I am legitimately not joking when I say I have many stash tabs crammed full of potential bases for various projects. This is my sceptres tab, but there are also a number of these sitting in a dump tab as well that I never sorted into the proper tabs. I collected Champion Kite Shields because I was hunting for bases that happened to have the node saying that it sold for a unique. I was trying to get some cheap Aegis Aurora, but the market for that item plummeted given how much more common it was thanks to the crucible trees. I also cannot count the number of bows of various tripes that I unlocked Crucible trees for hunting for specific nodes to bolster my Toxic Rain and Explosive Arrow builds. It was not “bing bing wahoo” exciting, but it served as a constant project in the back of my mind which means that the league mechanic as a whole probably did what it was supposed to do.

While it is the end of the league and nothing really matters anymore… I gotta say I enjoyed zipping through maps last night and chasing Crucible trees. Admittedly this only really works because I have a fairly powerful character who can mostly laugh off the extremely rippy nature of Crucible mobs. Essentially my goal while running these maps was 1) to find another +40% Elemental Damage Sceptre base and 2) to find another t16 map… allowing me to basically infinitely sustain this nonsense. For the most part, it worked, but I did have to put a slight tweak into my loot filter just to make sure I was not missing Void and Opal Sceptre bases. I did this a while ago for Champion Kite Shields because I was doing the same thing, trying to sustain so that I always had an item to unlock waiting in the wings and was getting another map to keep churning the process out.

I added a few bonus objectives last night, namely trying to collect new bosses for the Maven with each map run and then eventually running at Maven Atlas when I filled up her bar. This led to more than a few boss maps, but the only one that I stopped what I was doing and ran was the Hunter map I got. Hunter bases are so freaking valuable as a whole that it felt like something that was easily worth doing. I got a Council of Cats card that I had never seen before which was pretty cool. It isn’t valuable really but still sorta neat as it unlocks a series of Feral-Cat-themed items. Maven’s Atlas fight is fairly straightforward on the Righteous Fire Juggernaut and in theory, I am building towards more attempts at the Maven if I choose to go down that path. I am not exactly the biggest fan of that fight as I am not good at the memory game.

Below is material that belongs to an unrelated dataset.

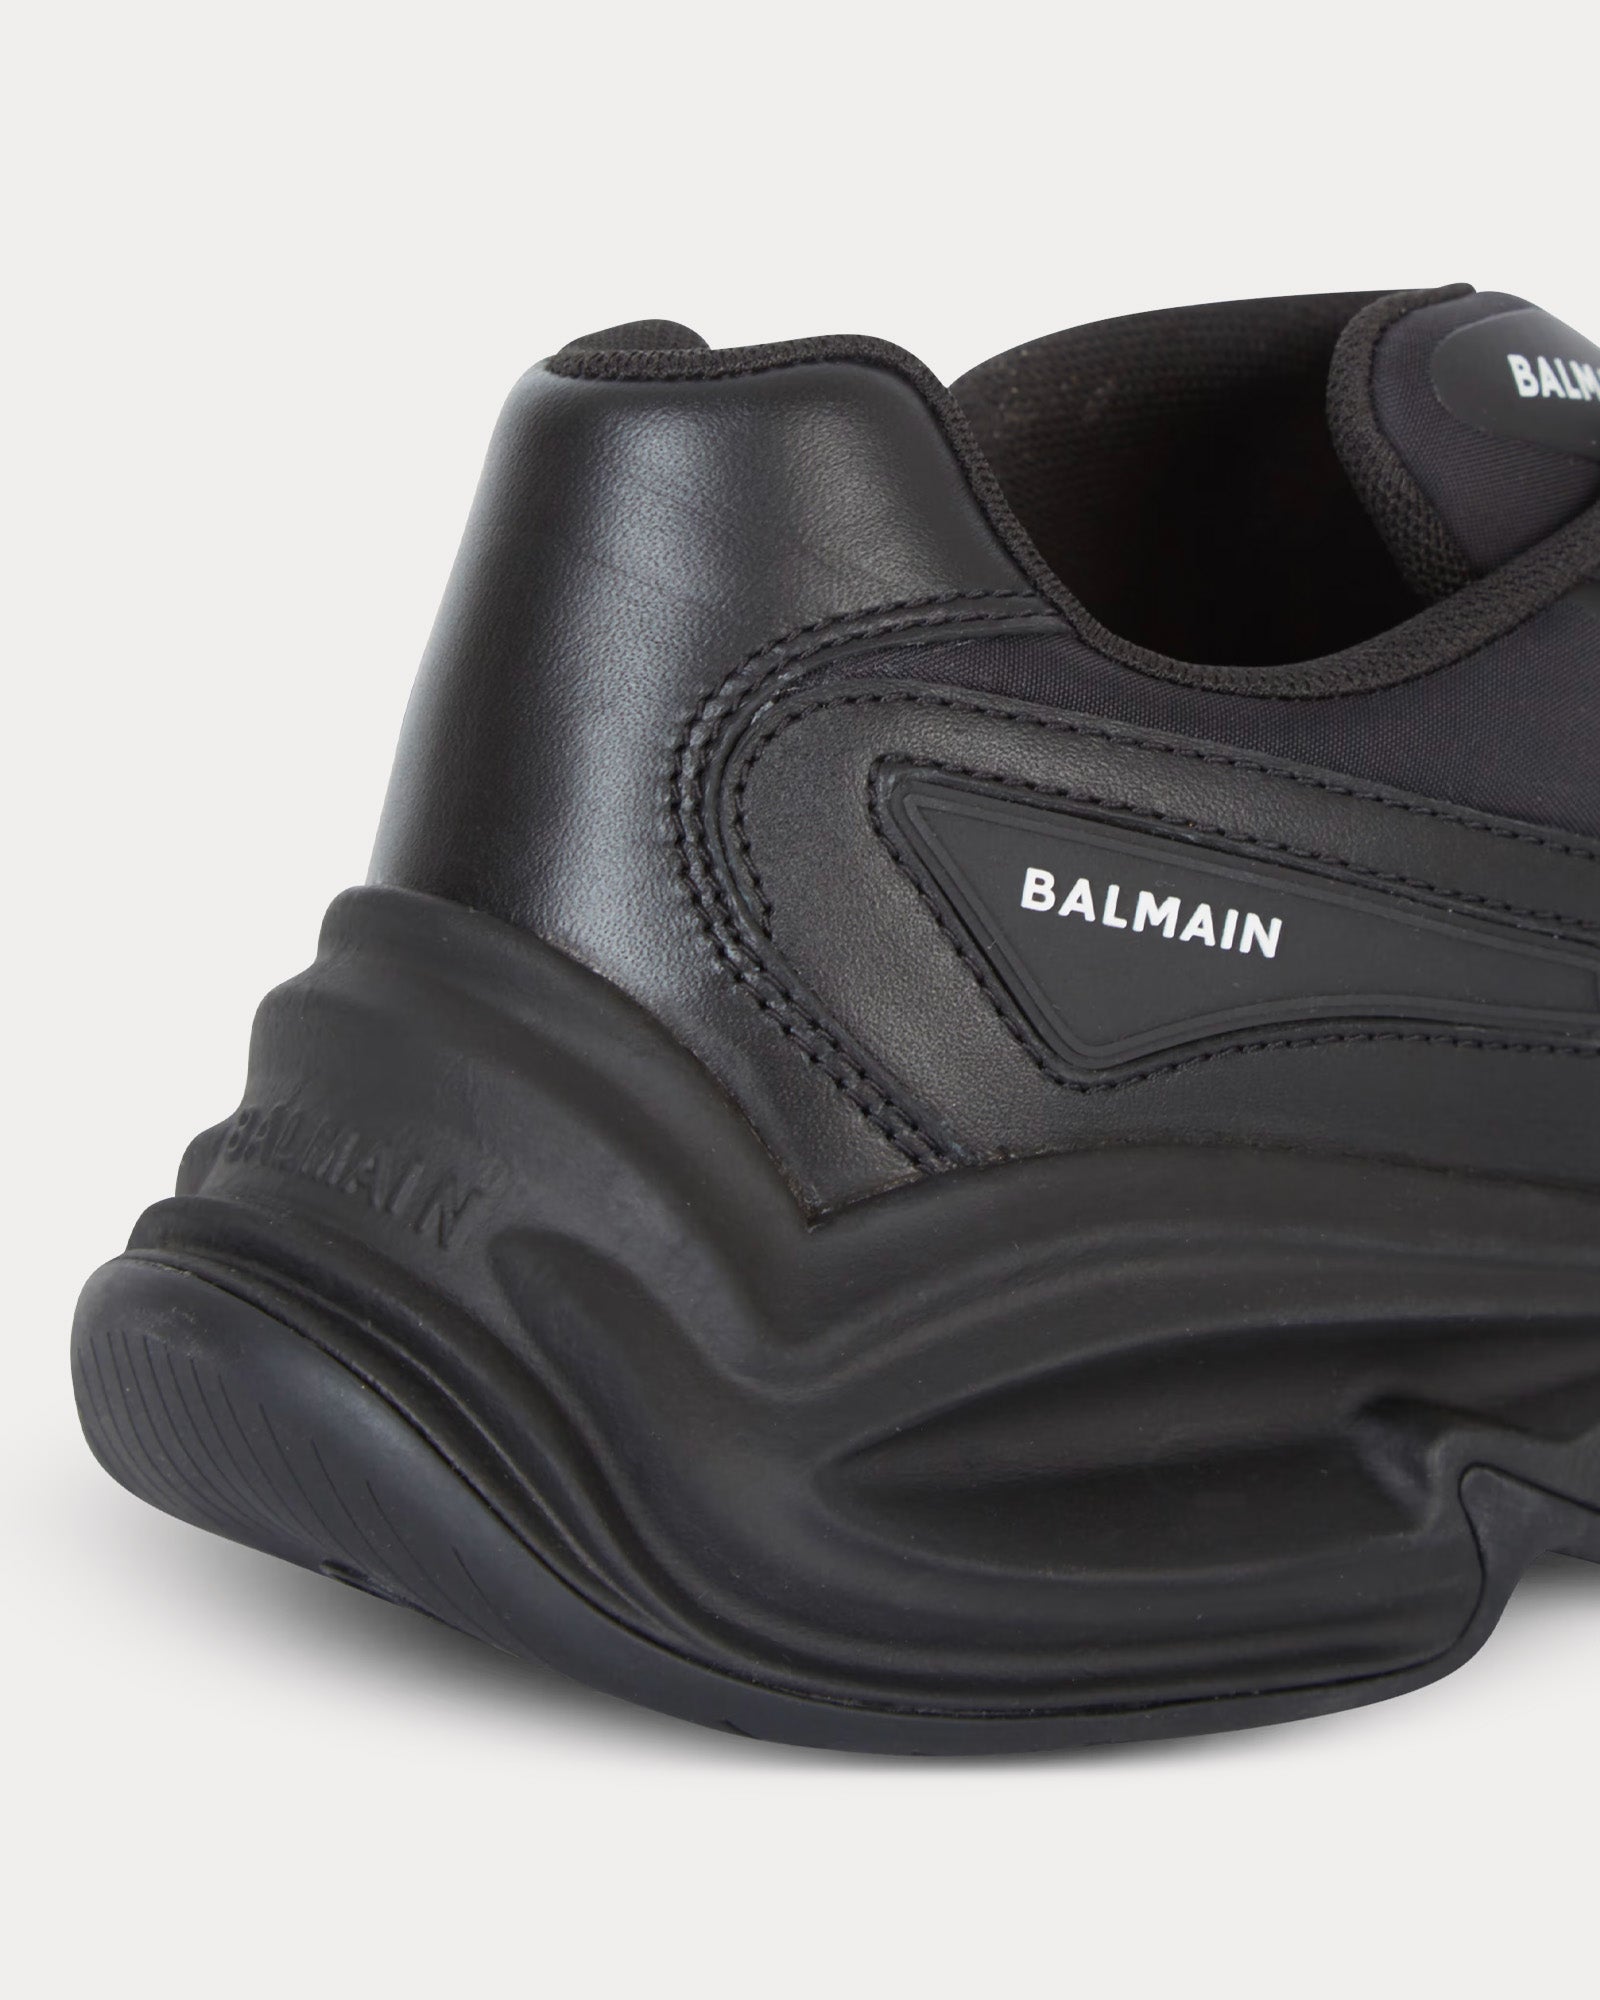 Balmain - Run-Row Leather Black Low Top Sneakers

One of the things that Path of Exile excels at is giving you missions. It isn’t so much that the game draws a line in the sand and tells you that you have to do this 400 times in order to progress. If it did that it would feel awful. What it does instead is give you the tools to go target farm something yourself, while knowing in the back of your head that there is always a way to just buy your way out of the hole you have dug. I know that at any point I tire of this mission, I can just spend the divines to buy the item I am seeking… but that sort of is what makes the search more enjoyable. Can I do this thing that has value in the game for myself, rather than just hitting the auction house? That is ultimately the question and at least for now, I am enjoying that search.